Vegetable Ragout
Serve warm or at room temperature.

Servings: 6

• 3 garlic cloves, minced
• 3 tablespoons olive oil
• 12 scallions (white and green parts), cut crosswise into 1 1/2-inch-long pieces
• 1/2 pound baby zucchini (about 22), halved lengthwise
• 1/2 pound baby yellow pattypan squash (about 22), halved lengthwise
• 1 1/2 cups fresh corn (cut from about 3 ears)
• 1 cup chicken broth
• 3 cups vine-ripened small cherry tomatoes, halved
• 2 teaspoons chopped fresh tarragon leaves *

In a 12-inch heavy skillet sauté garlic in oil over moderately high heat, stirring just until fragrant.

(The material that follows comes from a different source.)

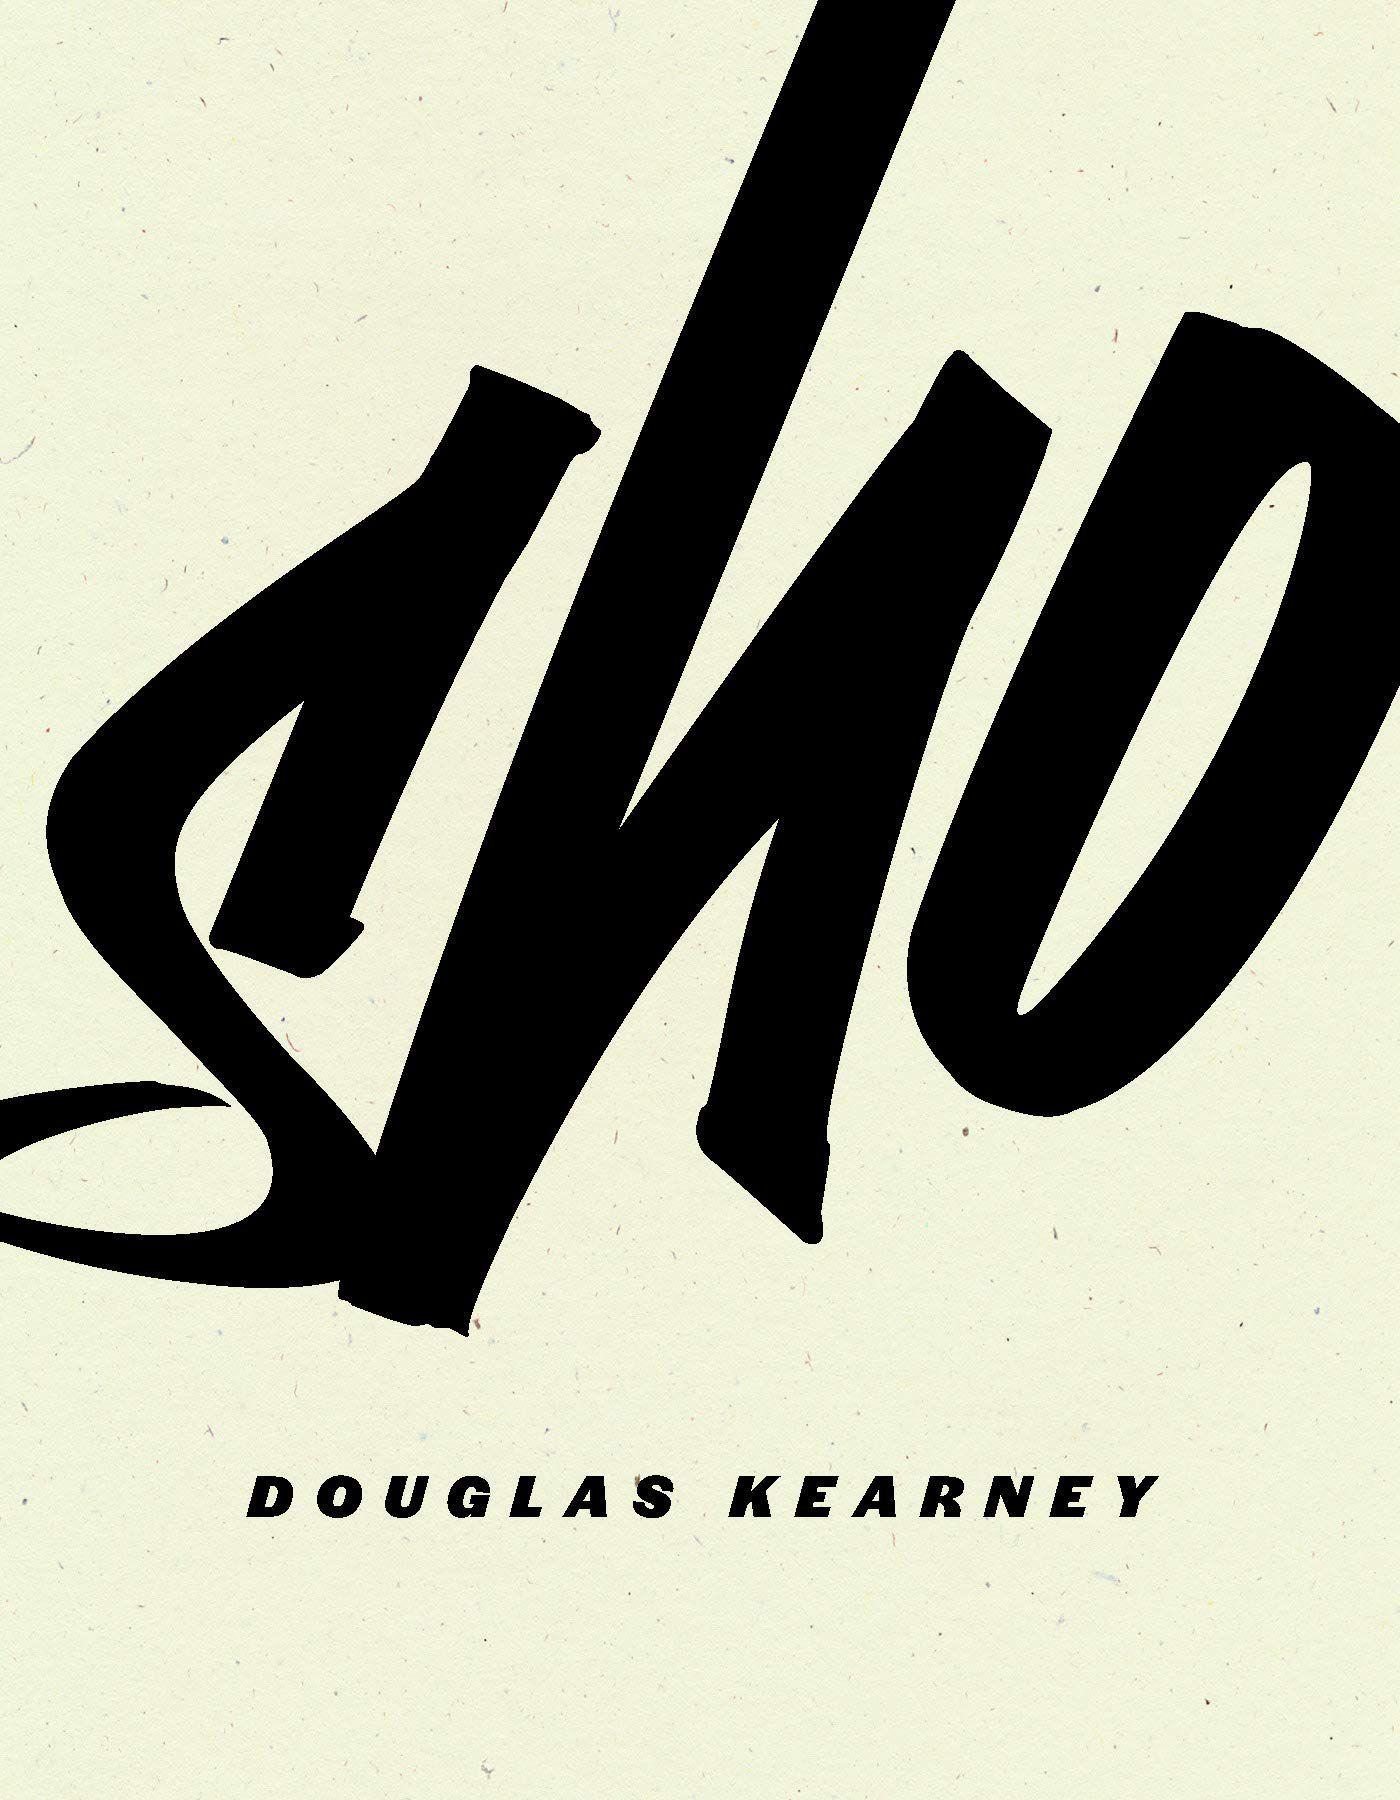 sho by douglas kearney book cover

Add scallions, zucchini, pattypan squash, corn, and salt and pepper to taste and sauté, stirring occasionally, until zucchini and squash are golden in spots, about 4 minutes.

Add broth and simmer ragout, covered, 3 minutes, or until squash is just tender. Add tomatoes and tarragon and simmer, covered, 1 minute, or until tomatoes are softened.

Season ragout with salt and pepper and serve warm or at room temperature.

COOKS NOTE: If you are not fond of tarragon, just replace it with basil.

Per Serving: 124 Calories; 6g Fat (36.2% calories from fat); 1g Saturated Fat; 5g Protein; 17g Carbohydrate; 4g Dietary Fiber; 0mg Cholesterol; 142mg Sodium. Exchanges: 1/2 Grain(Starch); 0 Lean Meat; 1 1/2 Vegetable; 1 Fat.